It was a revealing convergence Monday when the five-member conservative Supreme Court majority delivered the Hobby Lobby contraception decision even as President Obama announced that House Republicans had officially shelved immigration reform.
Both disputes reaffirmed the GOP's identity as the champion of the forces most resistant to the profound demographic and cultural dynamics reshaping American life — and Democrats as the voice of those who most welcome these changes.
And both clashes captured a parallel shift: While Republicans took the offense on most cultural arguments through the late 20th century, now Democrats from Obama on down are mostly pressing these issues, confident that they represent an expanding majority of public opinion.
Veteran pollster Stanley B. Greenberg captures this almost unprecedented Democratic assurance when he declares flatly: "Republicans are on the losing side of all of these trends."
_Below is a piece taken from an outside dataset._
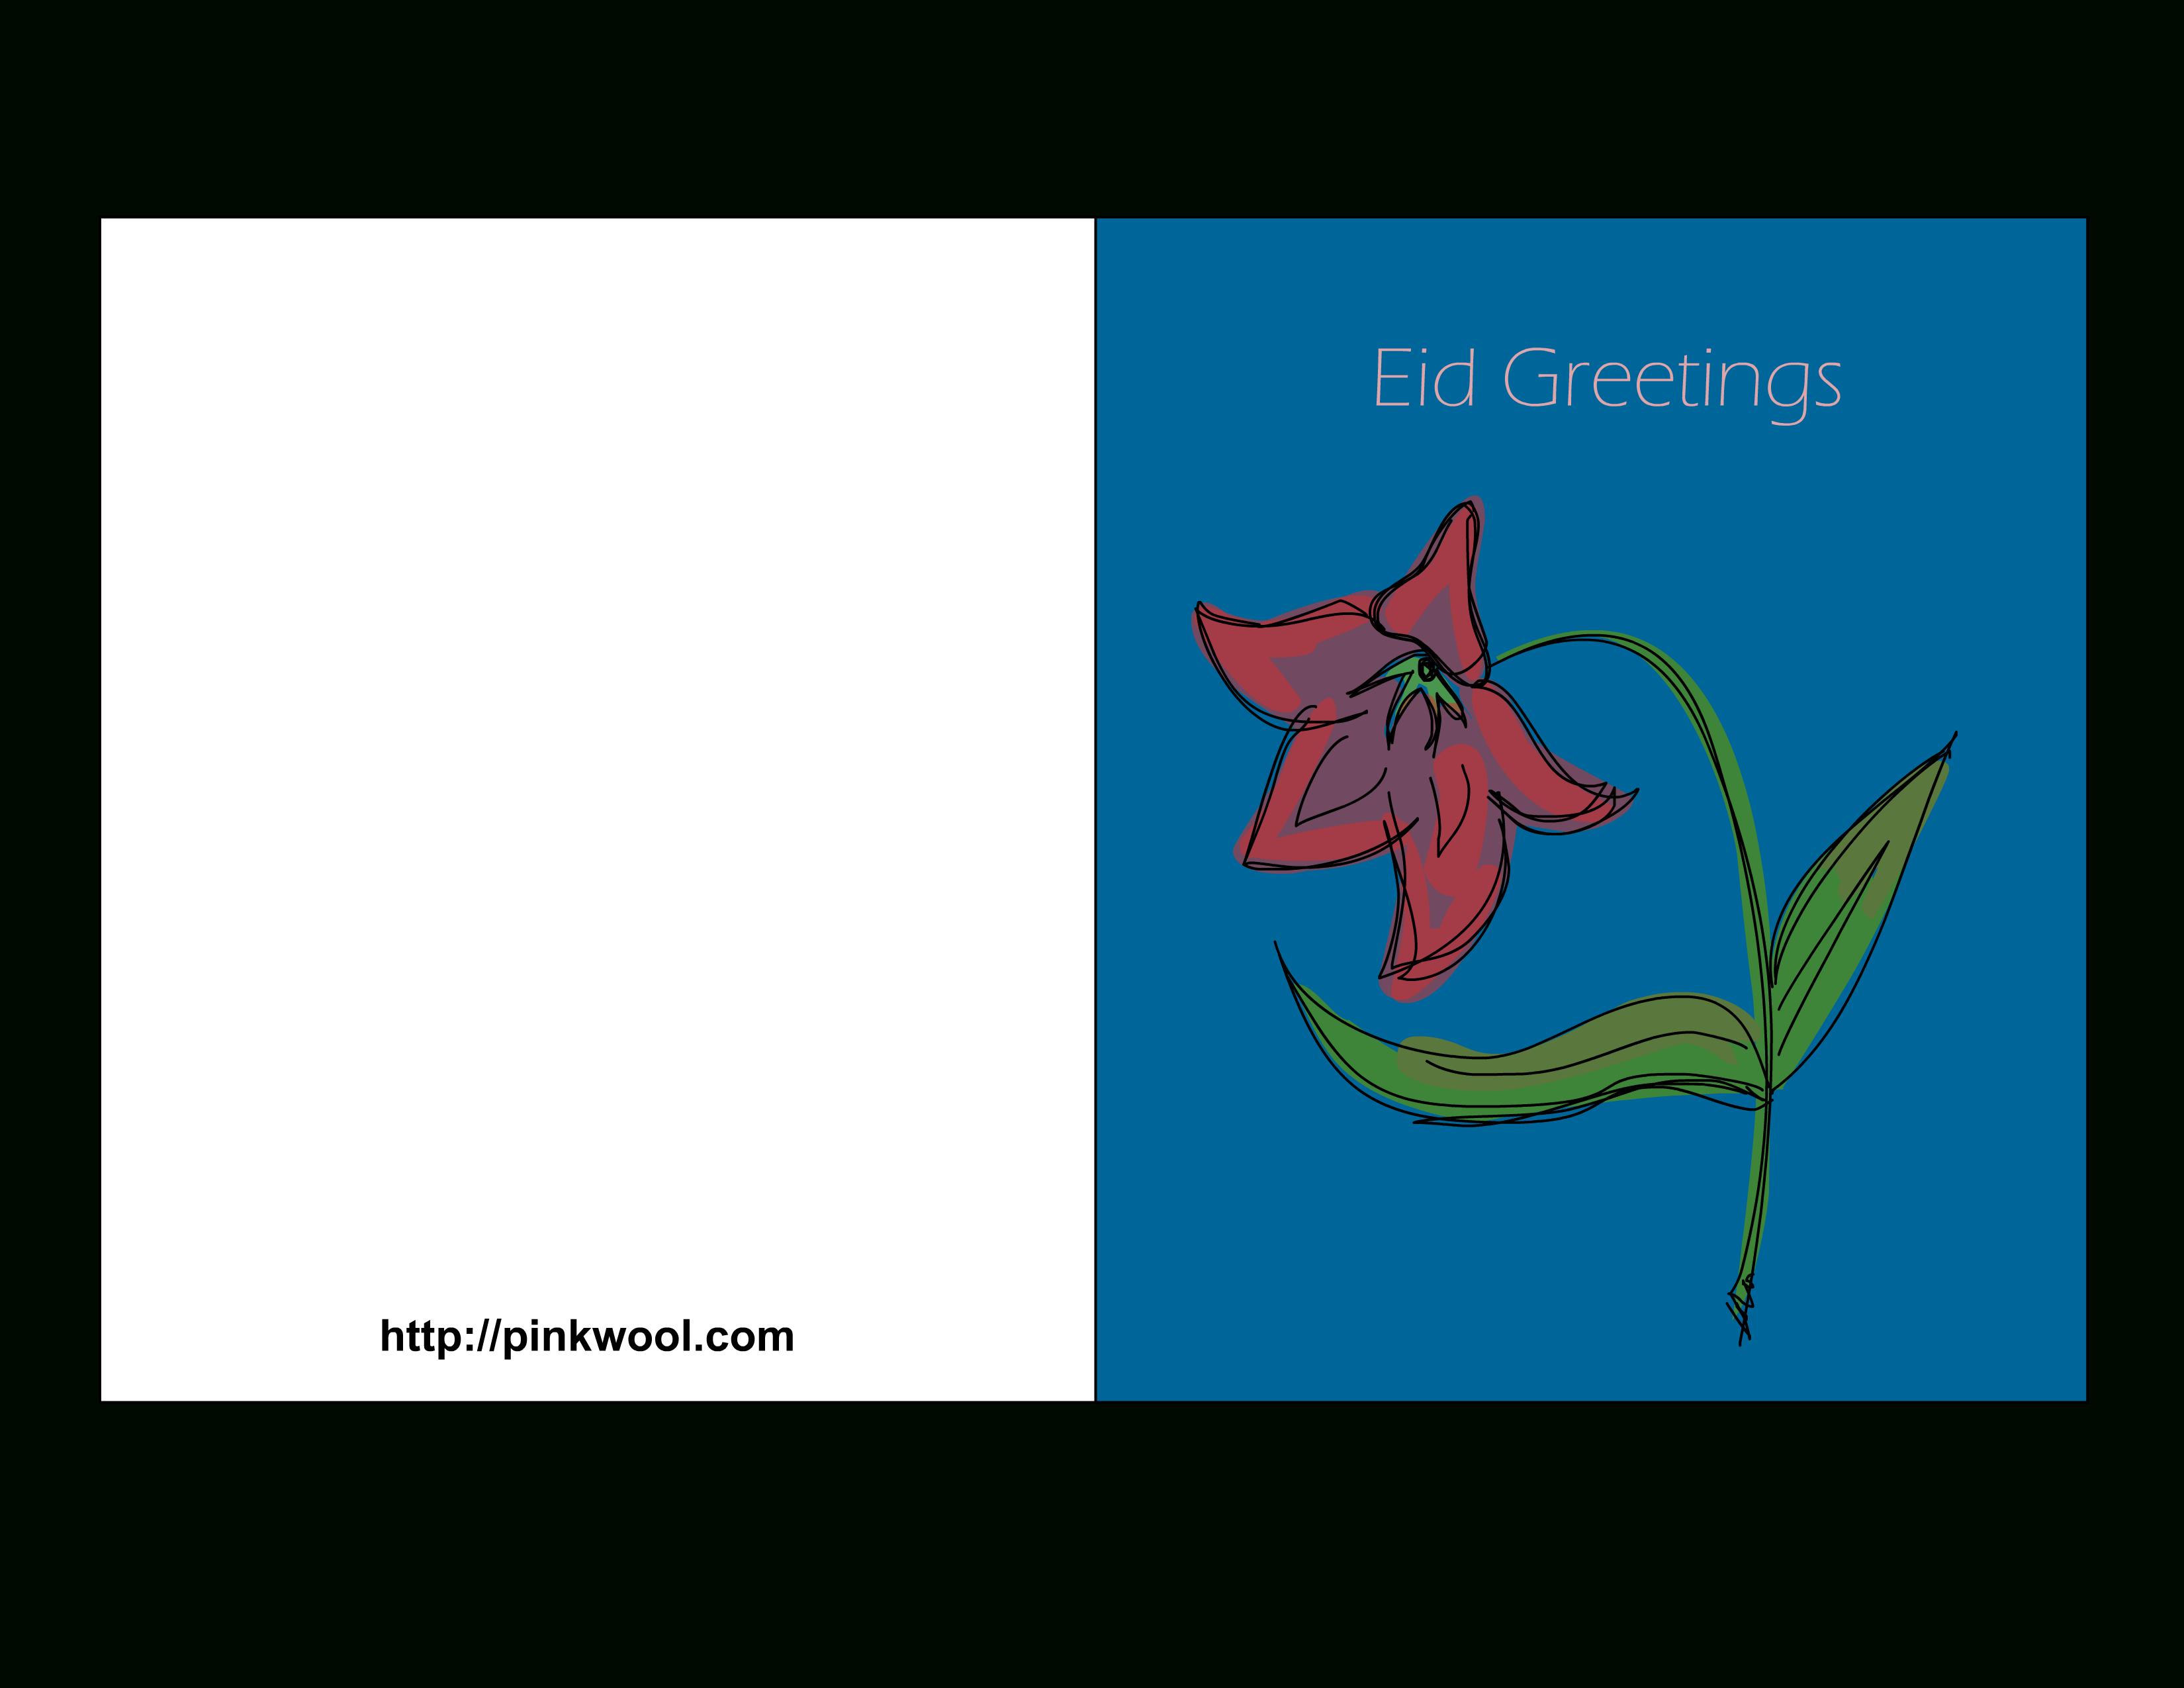 Free Printable Eid Greeting Cards - Free Printable Greeting Cards

Beyond contraception and immigration, the parties are escalating their conflicts over a broad suite of issues that divide the electorate along cultural lines, including gun control, gay rights, abortion, and climate change (which politically pivots on trust in science). Combined, these confrontations are stamping the GOP as what I've called a "Coalition of Restoration" primarily representing older, white, religiously devout, and nonurban voters who fear that hurtling change is undermining traditional American values. Democrats in turn are championing a younger, more urbanized, diverse, and secular "Coalition of Transformation" that welcomes the evolution in America's racial composition and cultural mores.